Note:
This awardee has received supplemental funding. This award detail page includes information about both the original award and supplemental awards.
Award Information
Description of original award (Fiscal Year 2016, $500,000)
The purpose of the FY 2016 Price of Justice: Rethinking the Consequences of Justice Fines and Fees Program is to encourage and disseminate best practices for coordinated and appropriate justice system responses to justice-involved individuals inability to pay fines, fees, and related charges, including eliminating unnecessary and unconstitutional confinement. The objectives of the program are the following: increase corrections costs saved or avoided by reducing unnecessary confinement; support the use of data analysis upon which fair and effective policies and practices related to criminal justice financial obligations can be based; promote and increase collaboration and data sharing among criminal justice agencies and officials regarding assessment, collection, prioritization, and tracking of fines, fees, and related costs, including state and local policymakers, law enforcement, prosecution, defense, pretrial, courts, probation, treatment, corrections, reentry, and parole; and support tailored alternatives to fines, fees, and costs that promote, rather than undermine, rehabilitation, reintegration, and community trust.
The provider will assist selected jurisdictions in improving their capacity to reduce unnecessary confinement due to justice-involved individuals inability to pay fines, fees, and related charges. Assistance will cover a broad range of subjects (including but not limited to court administration, budget formulation, debt collection, probation and parole practices, pretrial, and jail admissions) and target the following objectives: increase transparency in the jurisdiction among stakeholders and justice-involved individuals regarding the fines, fees, and costs; payment options; and consequences for non-payment; increase understanding of the incentives created through justice agencies reliance on fines and fees through budget analysis to map monies required to be paid, actually received, and disbursed; increase understanding of and establishing regular reporting of use of jail or prison resources for responding to failures to pay and related violations (e.g., failure to appear related to failure to pay and probation or parole violations leading to revocation); and improve adherence to and application of key legal concepts including indigence, inability to pay, and willful nonpayment. The provider will further assist stakeholders in planning to ensure timely and faithful implementation of proposed activities and provide technical expertise and guidance regarding operational and programmatic aspects of implementation.
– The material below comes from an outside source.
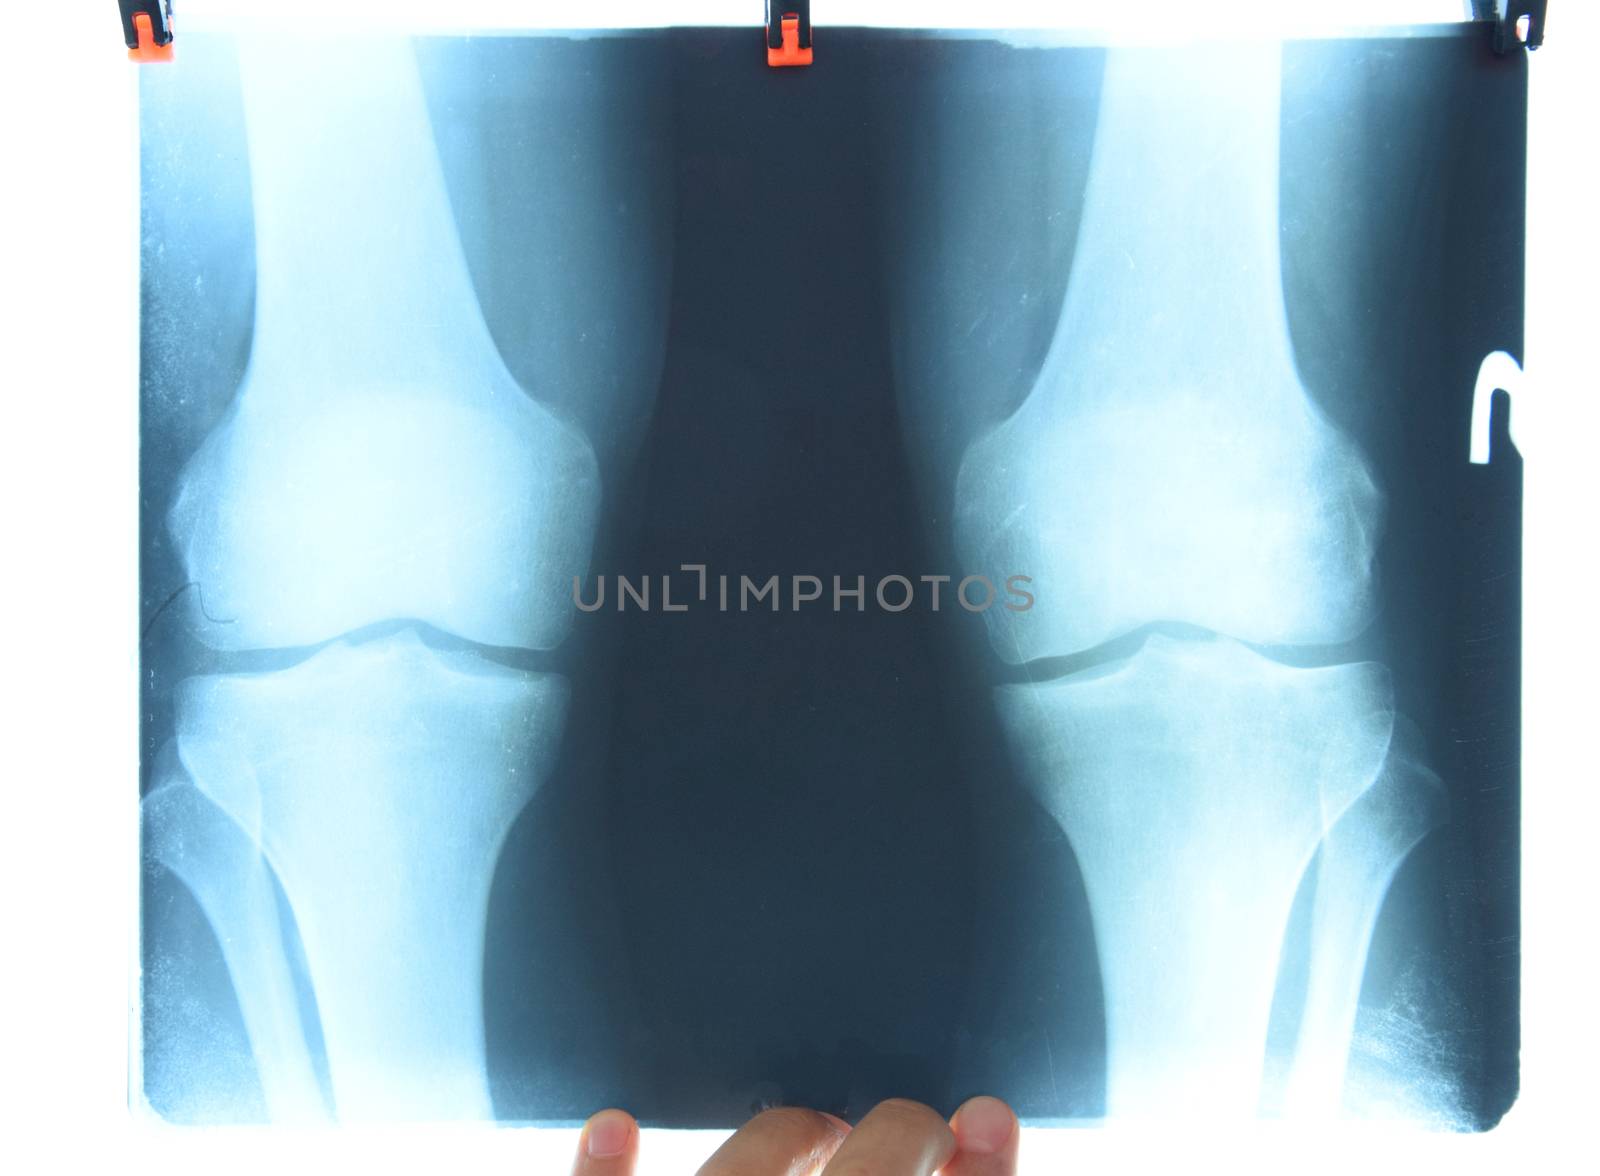 X-ray of the knee joints, a picture of the bones of the knee on the x-ray.

Funds will be used to target local sites to achieve greater impact; promote the use of evidence-based programs and strategies by third-party treatment and programming providers; enhance paroling authorities use of evidence-based policy, practice, and decision making; create or expand the continuum of pretrial options in one or more jurisdictions; develop and pilot measures and analyses that account for population characteristics including crime type, risk level, and criminal history; establish or enhance performance incentive funding programs to encourage successful integration of evidence-based practices in community supervision; pilot or scale up swift and certain or intermediate and graduated sanctions; or other uses that further justice reinvestment goals.